El amplio salón de paredes blancas está repleto de mesitas y sillas acolchadas, todas regadas en cualquier parte y en ellas juegan los pacientes con múltiples juegos de mesa: parchís, dominós, ajedrez y damas. Ventanales muy altos y enrejados inician a un poco más de un metro del suelo. Reina una atmósfera intranquila caracterizada por el delirio, la agitación y el furor. Deambulan sin orden ni concierto los furiosos, los peligrosos o como dice el doctor eufemísticamente: los pacientes mentales. Gordos, flacos, altos, bajos, jóvenes, viejos, tristes, risueños, tranquilos e inquietos. ¡Todos bien locos! Un hilo musical ambienta el lugar: lamentos, murmullos, cuchicheos y uno que otro grito estridente. Los lápices y las hojas se encuentran encima de la barra de la recepción situada detrás de la puerta principal del salón, donde una enfermera gorda parlotea amenamente por teléfono. La puerta está cubierta por una malla metálica y cerrada con llave, custodiada además, por un guardia flemático. Tres enfermeras atienden a algunos pacientes. Un guardia recorre lentamente los espacios con las manos entrelazadas detrás de la espalda.

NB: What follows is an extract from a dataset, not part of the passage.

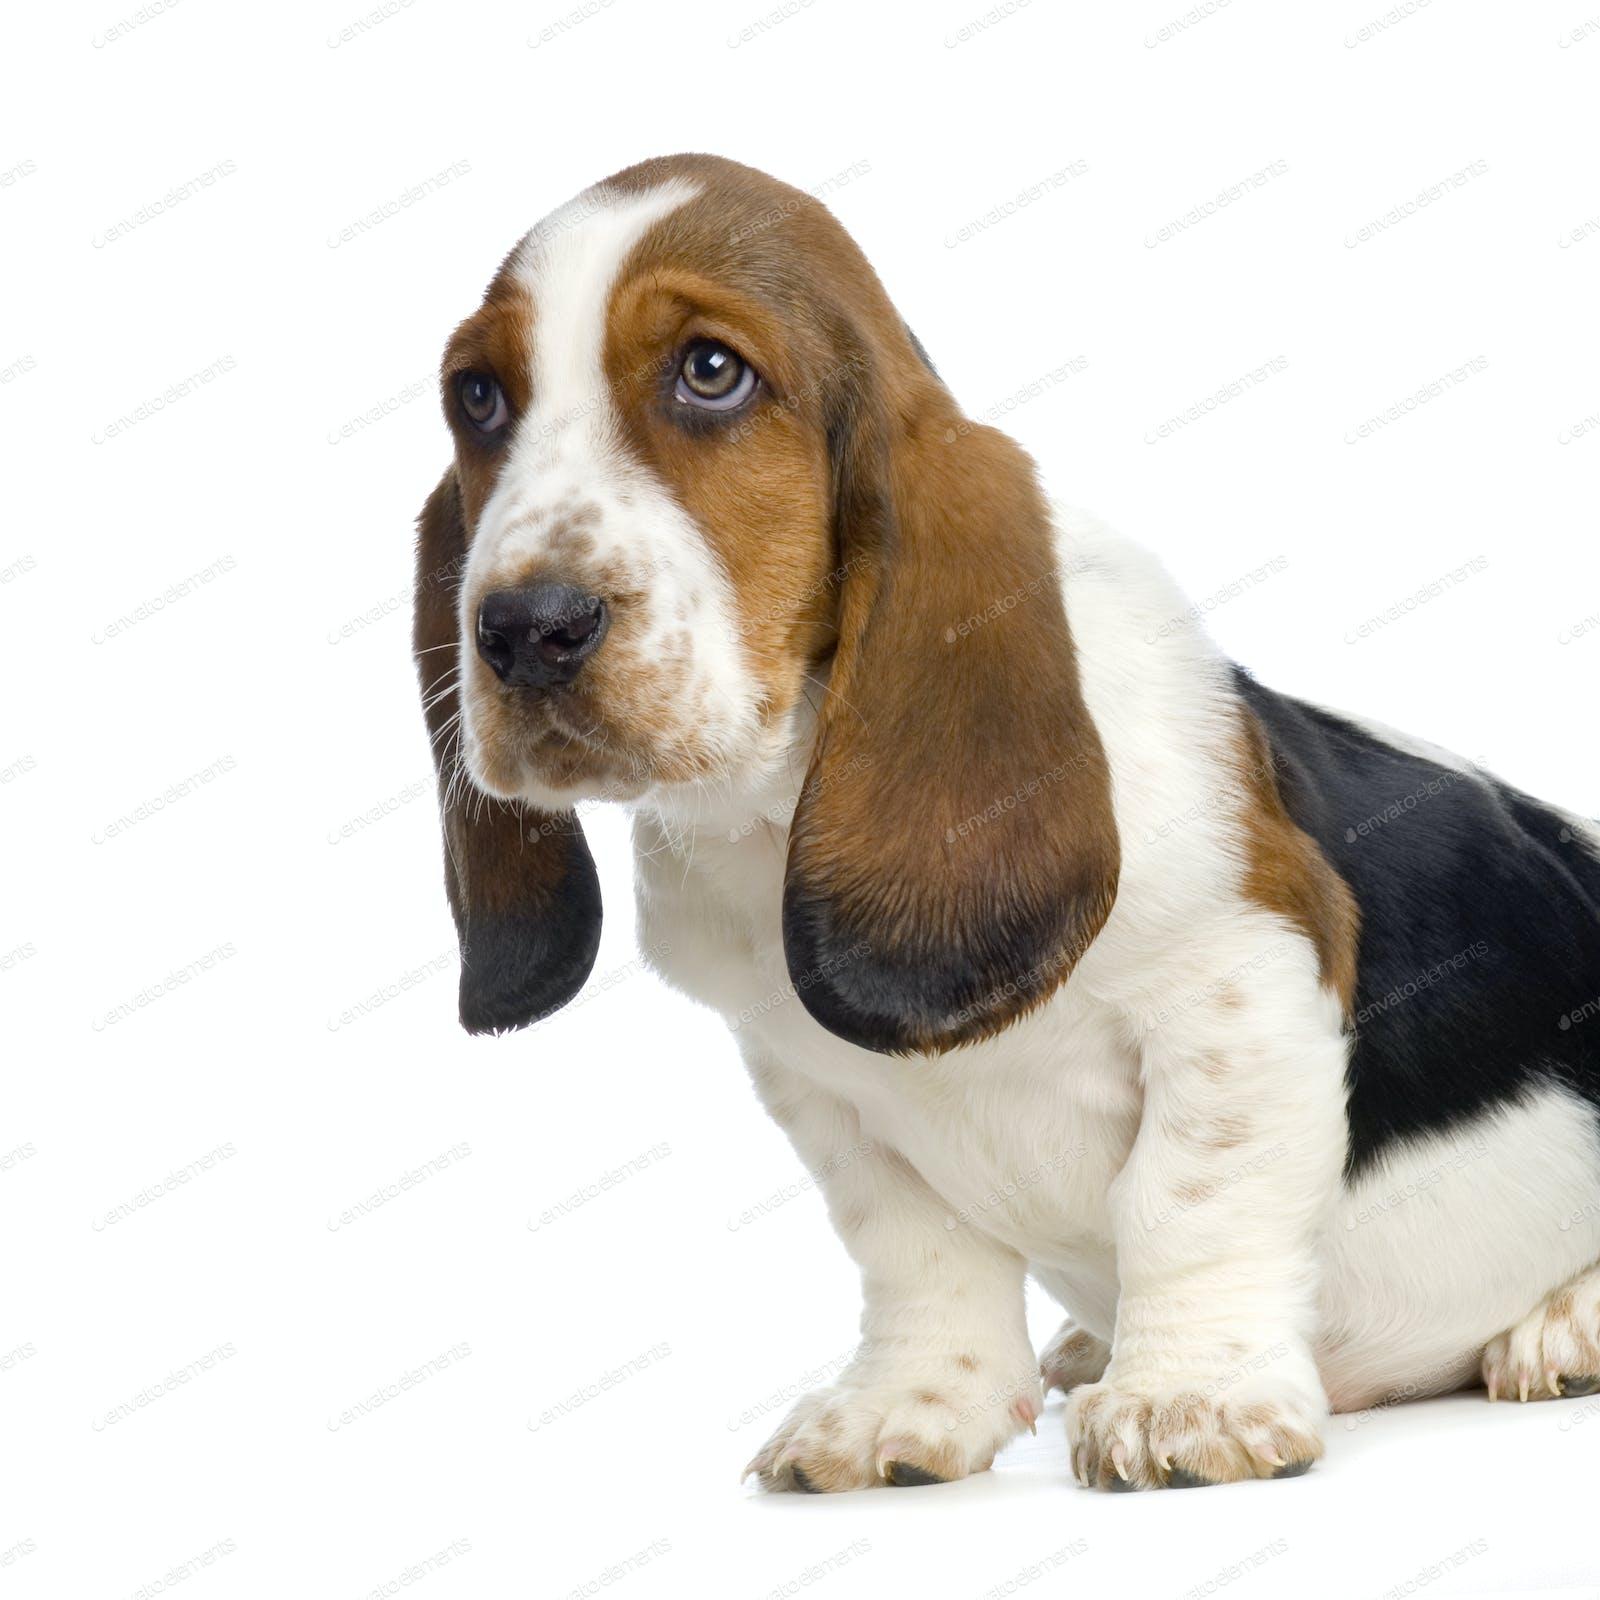 Basset Hound Puppy Hush Puppies Photo By Lifeonwhite On Envato Elements

A mi derecha, uno de los grandes ventanales filtra a través de sus paneles de vidrio los últimos rayos del sol. Frente a mí, la mesita donde reposa el partido de ajedrez que abandoné y a mi izquierda, el desastre que se avecina...

—“¡Eh, Carena! Los pacientes están muy alterados hoy —susurra la voz en tono de malicioso soborno—. ¡Eso está a nuestro favor!”

—Así es —afirmo con expresión calculadora—. Solamente un milagro evitaría que las enfermeras y los guardias adviertan mi propósito.

—“¡Entonces, mézclate entre la muchedumbre de locos, Carena! ¡Ahora!”